Jun 22 '22 15:06 marcosrmendezthd

then start a simple python server that will serve as the upstream

python3 -m http.server

and run this go program to serve as the metrics sink: go run main.go

package main

import (
	"flag"
	"fmt"
	io_prometheus_client "github.com/prometheus/client_model/go"
	"io"
	"log"
	"net"
	"strings"

	v3 "github.com/envoyproxy/go-control-plane/envoy/service/metrics/v3"
	"google.golang.org/grpc"
)

type sink struct{}

func (s *sink) StreamMetrics(stream v3.MetricsService_StreamMetricsServer) error {
	log.Println("started stream")
	for {
		msg, recvErr := stream.Recv()
		if recvErr == io.EOF {
			log.Println("finished stream")
			return nil
		}
		if recvErr != nil {
			log.Printf("ERROR: %v\n", recvErr)
			return recvErr
		}
		for _, mf := range msg.EnvoyMetrics {
			if mf == nil {
				continue
			}
			metricType := mf.GetType()
			if metricType != io_prometheus_client.MetricType_SUMMARY &&
				metricType != io_prometheus_client.MetricType_HISTOGRAM {
				continue
			}

			for _, metric := range mf.Metric {
				if metric == nil {
					continue
				}
				if metricType == io_prometheus_client.MetricType_HISTOGRAM {
					if metric.Histogram == nil || len(metric.Histogram.Bucket) == 0 || metric.Histogram.SampleSum == nil || metric.Histogram.SampleCount == nil ||
						metric.Histogram.GetSampleCount() == 0 || metric.Histogram.GetSampleSum() == 0 {
						if metric.Summary == nil {
							log.Println("empty histogram")
						} else {

							log.Println("histogram", getMetricName(mf.GetName(), metric), metric.Histogram.String())
						}
					}
				}
				if metricType == io_prometheus_client.MetricType_SUMMARY {
					if metric.Summary == nil || metric.Summary.SampleSum == nil || metric.Summary.SampleCount == nil ||
						metric.Summary.GetSampleCount() == 0 || metric.Summary.GetSampleSum() == 0 {
						if metric.Summary == nil {
							log.Println("empty summary")
						} else {
							log.Println("summary", getMetricName(mf.GetName(), metric), metric.Summary.String())
						}
					}
				}
			}
		}
	}
}

func getMetricName(name string, metric *io_prometheus_client.Metric) string {
	if metric == nil {
		return ""
	}
	if len(name) == 0 {
		return ""
	}
	result := name + "{"
	for _, label := range metric.Label {
		if label == nil {
			continue
		}
		name := strings.TrimSpace(label.GetName())
		if len(name) == 0 {
			continue
		}
		result += fmt.Sprintf("%q=%q", name, strings.TrimSpace(label.GetValue())) + ","
	}
	result = strings.TrimSuffix(result, ",")
	result += "}"
	return result
}

var (
	addr = flag.String("address", "0.0.0.0:9000", "grpc address to listen on")
)

func main() {

	flag.Parse()

	grpcServer := grpc.NewServer()
	v3.RegisterMetricsServiceServer(grpcServer, &sink{})

	l, listenErr := net.Listen("tcp", *addr)
	if listenErr != nil {
		log.Fatalf("ERROR: %v", listenErr)
	}

	log.Printf("listening on %s", *addr)
	if serveErr := grpcServer.Serve(l); serveErr != nil {
		if serveErr != grpc.ErrServerStopped {
			log.Fatalf("ERROR: %v", serveErr)
		}
	}
	log.Printf("finished")
}

Jun 22 '22 15:06 marcosrmendezthd

cc @ramaraochavali @jmarantz

Jun 23 '22 21:06 ggreenway

any updates on this?

Jun 29 '22 22:06 marcosrmendezthd

This issue has been automatically marked as stale because it has not had activity in the last 30 days.

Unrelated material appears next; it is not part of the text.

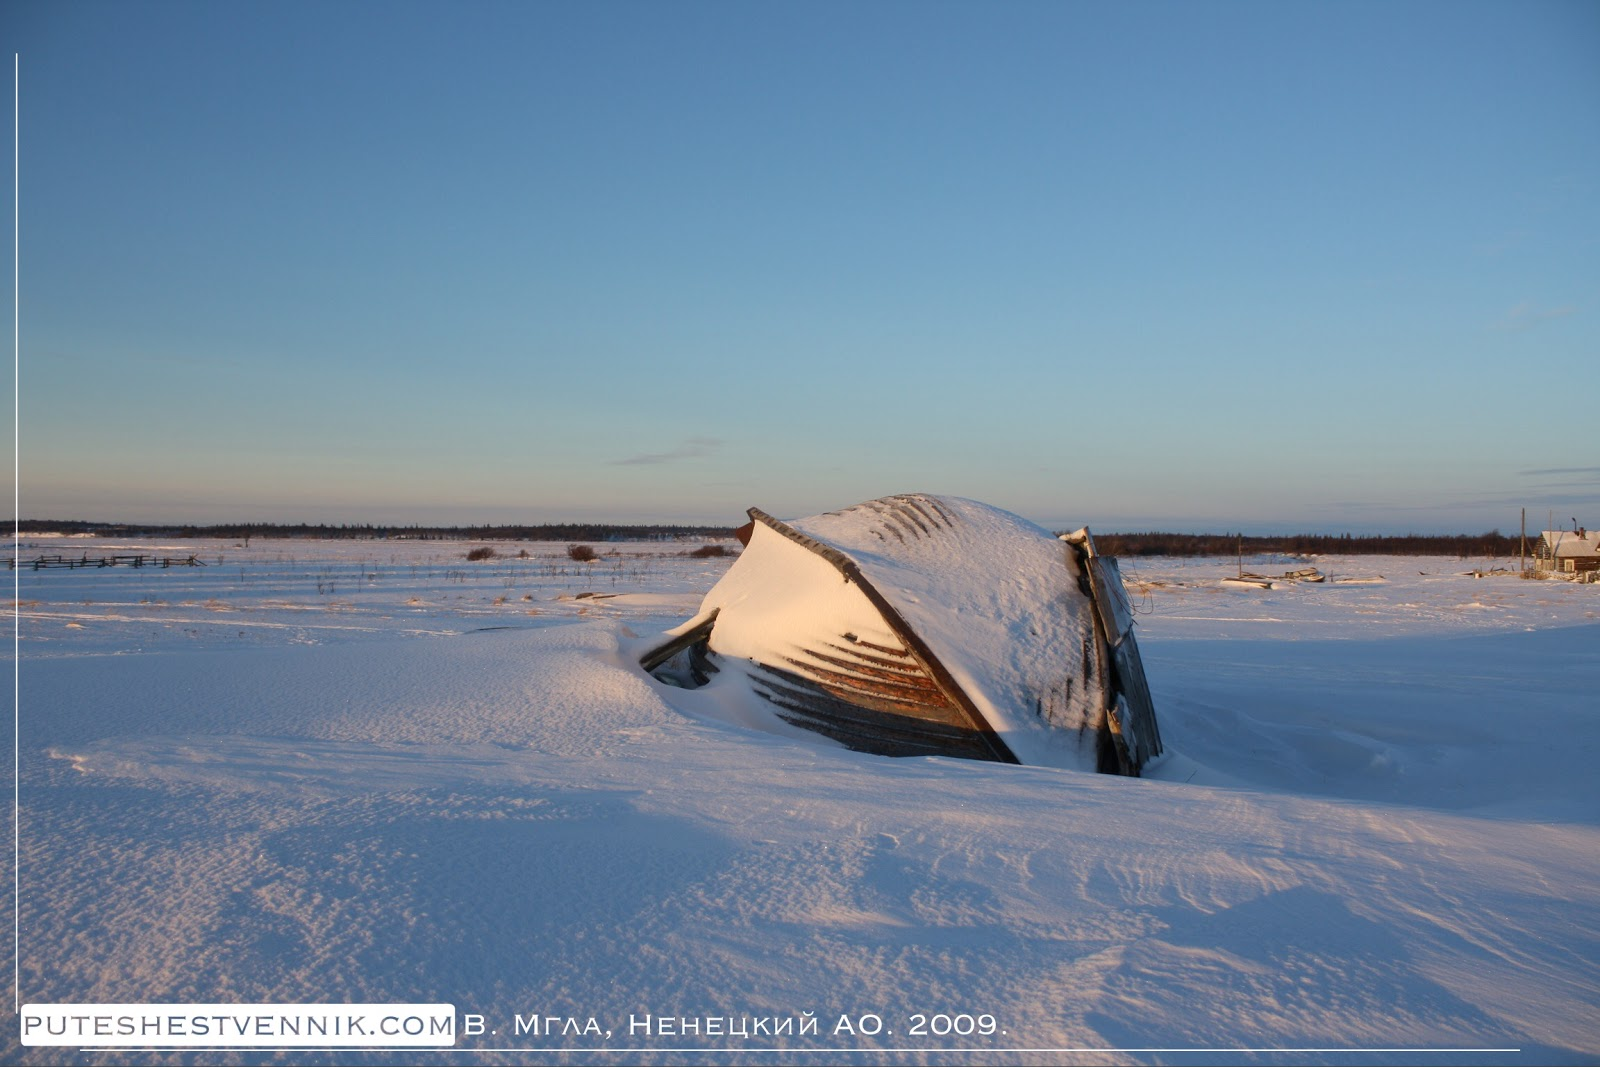 Лодка на снегу в русской деревне

It will be closed in the next 7 days unless it is tagged "help wanted" or "no stalebot" or other activity occurs. Thank you for your contributions.

Jul 30 '22 00:07 github-actions[bot]

any updates @jmarantz @ramaraochavali @ggreenway ?

Jul 31 '22 14:07 marcosrmendezthd

This issue has been automatically marked as stale because it has not had activity in the last 30 days. It will be closed in the next 7 days unless it is tagged "help wanted" or "no stalebot" or other activity occurs. Thank you for your contributions.

Sep 08 '22 16:09 github-actions[bot]

any updates?

Sep 08 '22 17:09 marcosrmendezthd

This issue has been automatically marked as stale because it has not had activity in the last 30 days. It will be closed in the next 7 days unless it is tagged "help wanted" or "no stalebot" or other activity occurs. Thank you for your contributions.

Oct 09 '22 00:10 github-actions[bot]

any updates?

Oct 12 '22 12:10 marcosrmendezthd

TBH I had not even heard of the envoy metrics service grpc endpoint. Is it possible that @lizan knows who owns this?

Oct 12 '22 12:10 jmarantz

@jmarantz We built it long time ago and I know the code. @marcosrmendezthd Sorry. I missed this. I will take look tomorrow.

Oct 12 '22 13:10 ramaraochavali

@jmarantz We built it long time ago and I know the code. @marcosrmendezthd Sorry. I missed this. I will take look tomorrow.

thank you!!!!!!!

Oct 12 '22 14:10 marcosrmendezthd

Ah.. Are you looking for prometheus metrics? grpc metrics service does not send metrics using prometheus format. It uses these quantiles and using these buckets

If you want prometheus metrics, you have to scrape from this admin endpoint

Sorry we do not use this in prometheus format.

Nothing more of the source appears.